You see boys, the doctors found some bad skin inside mommy’s breast so they had to cut it out. That is why our hugs need to be so very gentle.” This was the beginning of my explanation to my two and four-year-old sons about how I, their 24 year-old mother, had just been diagnosed with breast cancer. The explanation continued, “The bad skin eats good skin, so we need to get it all out. The doctors are worried that the bad skin could go in other places in my body so they are going to give me some medicine to kill the bad skin.” My wide-eyed boys nodded as if they understood. “The medicine is going to make my hair fall out.” They looked at each other in wonder and with a little giggle, thinking of a bald mommy. “I haven’t taken the medicine yet, but I’ll tell you when I do - so you won’t be surprised.”

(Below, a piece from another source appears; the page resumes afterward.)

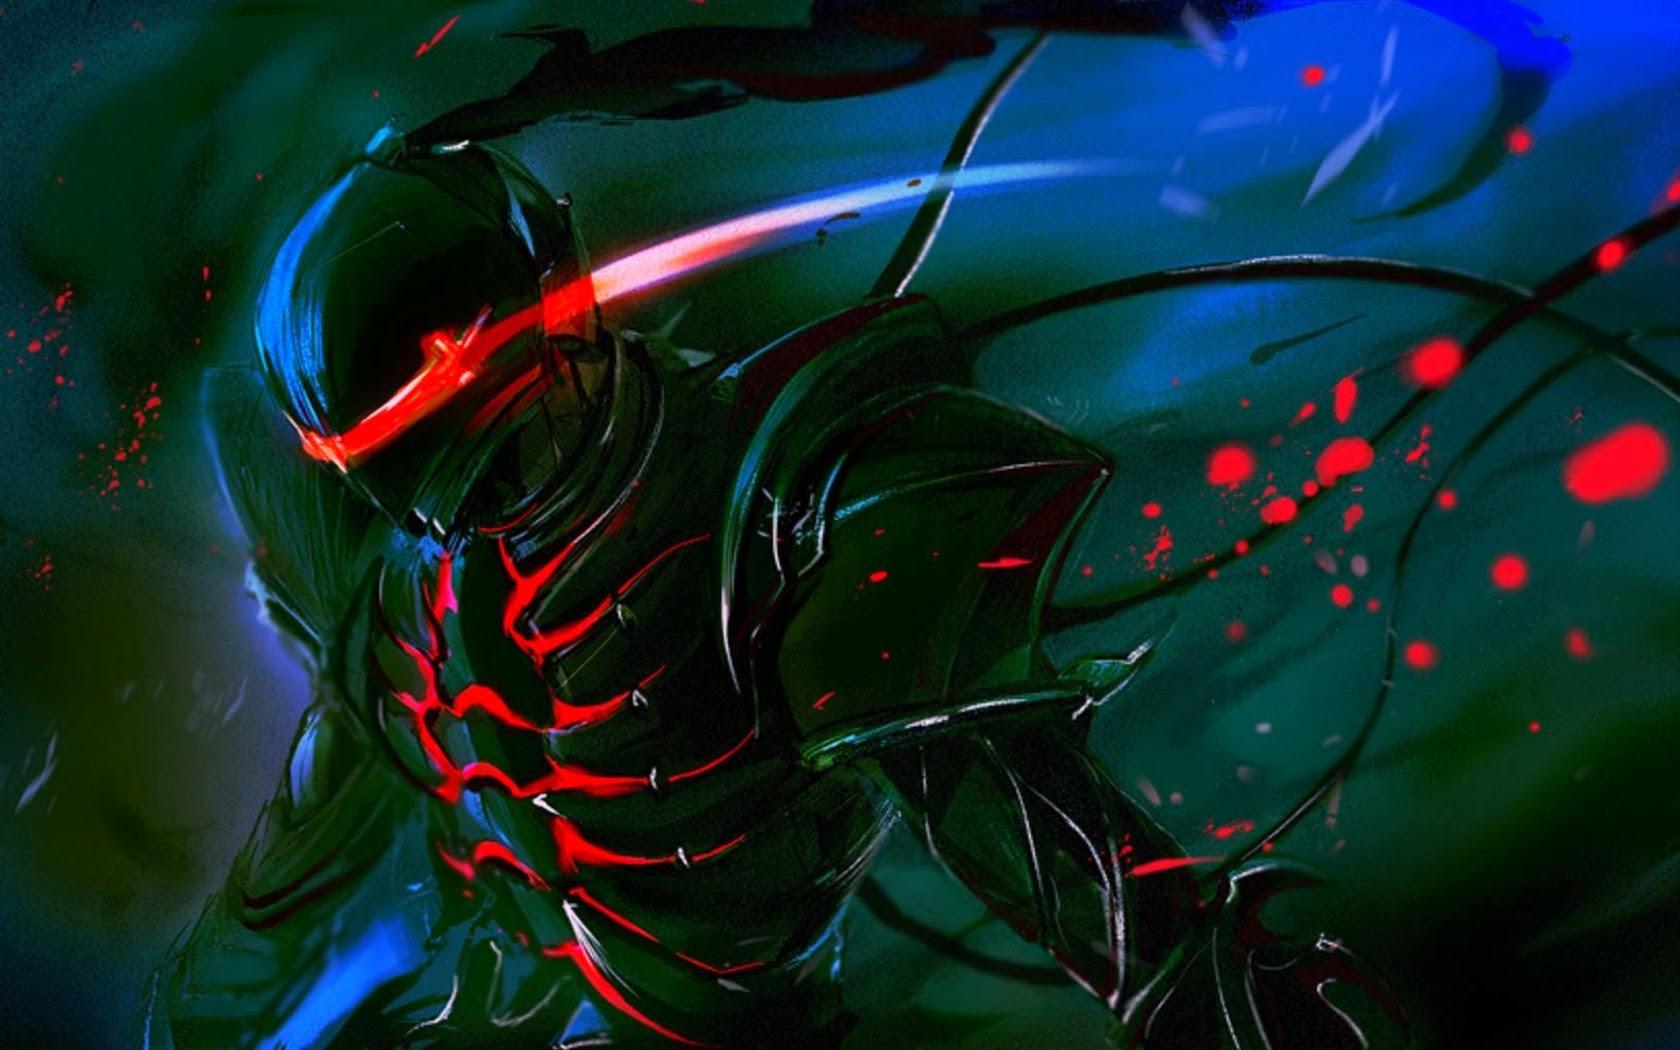 berserker fate zero wallpaper anime black armor 1680x1050 a789 1680x1050

My first chemotherapy appointment was more than four weeks after my diagnosis in 2005. I wanted to rush in and hook myself up to the chemo right away, but I learned that everything takes far longer than you wish when it comes to cancer.
In the four weeks between diagnosis and the start of treatment, I underwent two additional surgeries, which added up to a partial mastectomy, a sentinel node biopsy; and surgical insertion of a mediport into my chest through which I’d receive my chemotherapy. After one of the surgeries, I wrote this in my journal: “Tonight I removed the bandages from yesterday’s surgery and I sat in the tub and cried a little for myself. Just a little, for the blue and green and purple and taped part of me.”
Shortly before I began chemotherapy, and to control a situation that was out of my control, I asked a friend to cut my long hair to shoulder length in preparation for losing it completely. I did not want to give cancer the privilege of dictating every aspect of transformation.
To this day I can’t see a jug of red Kool-aid without having a twinge of nausea and a few moments of recall.
My first chemotherapy drug, Adriamycin, sometimes called the “red devil,” looked just like the refreshing drink of my childhood. Flashbacks and anxiety still hit me out of the blue when common triggers present themselves; even the smell of rubbing alcohol leaves my heart racing.
After my first chemo infusion I went home and told my boys that I had taken the medicine that would cause my hair to fall out.
Two weeks after the “red devil” entered my blood stream, my scalp began to tingle and a few strands started to snap and release each time I ran my fingers through my hair. Again, to control a situation that was out of my control, I decided not to wait until the chemo made me bald.
At this point my husband was enlisted in the U.S. Air Force and so, channeling the bravery of recruits entering basic training, I borrowed a friend’s uniform and sat in my kitchen, ready for my own head to be shaved.
I had considered going to a salon for this, but chose to have my children and husband do it. Instead of being shocked or anxious upon seeing me bald for the first time, my two little boys were able to be part of the process. The transition proved to be seamless for them. They had spent time with me the night before – their tiny hands pulling the loose hairs out of my head. “Cutting Mommy’s hair,” was a wonderfully fun role-reversal for them as they would tell me to, “Be still,” just as I had done hundreds of times while cutting their hair.
During my chemotherapy and subsequent radiation therapy rounds I had to defy so many of my natural instincts. Who wants to go back to a place knowing it will leave you in fetal position for days with fatigue, nausea and bone and body aches? Knowing the drugs will seep out in your sweat and cause an unpleasant smell? Knowing that the steroids that are necessary to allow you to receive the various therapies will cause you to balloon and swell? Who would do that?
I will answer — Not unlike Soldiers who return to hellish places to perform their duty, anyone you have ever known who has received cancer treatment has been forced to develop a drive to look beyond the comforts of today with hope of a better, extended life.
Reaching for something to push me through, I told myself, “I can do six months of chemo. Each month will buy me an extra 10 years with my Family. This is totally worth it.”
This attitude got me through the intensity of the treatment, but the end of treatment marked the beginning of an altered life . . .
This week’s breast cancer awareness facts are:
Post traumatic stresses, including cancer diagnosis and treatment, can come from a variety of life events, complete with triggers and physiological responses
When an individual receives confirmation of cancer, the whole Family is diagnosed. Each Family member is impacted, whether it is acknowledged or not
Usually a diagnosis comes with few details. Use tact and patience as you reach out to patients
Some breast cancers are treated with surgery, others include chemotherapy and/or radiation. Some treatments are over after surgery and other battles continue year after year. There are also those who receive the diagnosis and choose not to fight it. Each of these choices are personal and require courage.
Under the umbrella of “breast cancer,” you’ll find a wide variety of pathology and treatment approaches. The hormones, estrogen and progesterone, affect cancers differently. “HER2” (human epidermal growth factor receptor 2) may or may not play a role in an individual’s cancer. These differences necessitate a dynamic approach to treatment. Not all cancers or treatments are the same.
People who have little control over their situation often feel helpless. Help them to act upon and recognize the control they do have.
(Editor’s note: This is part three of a series documenting a survivor’s journey.)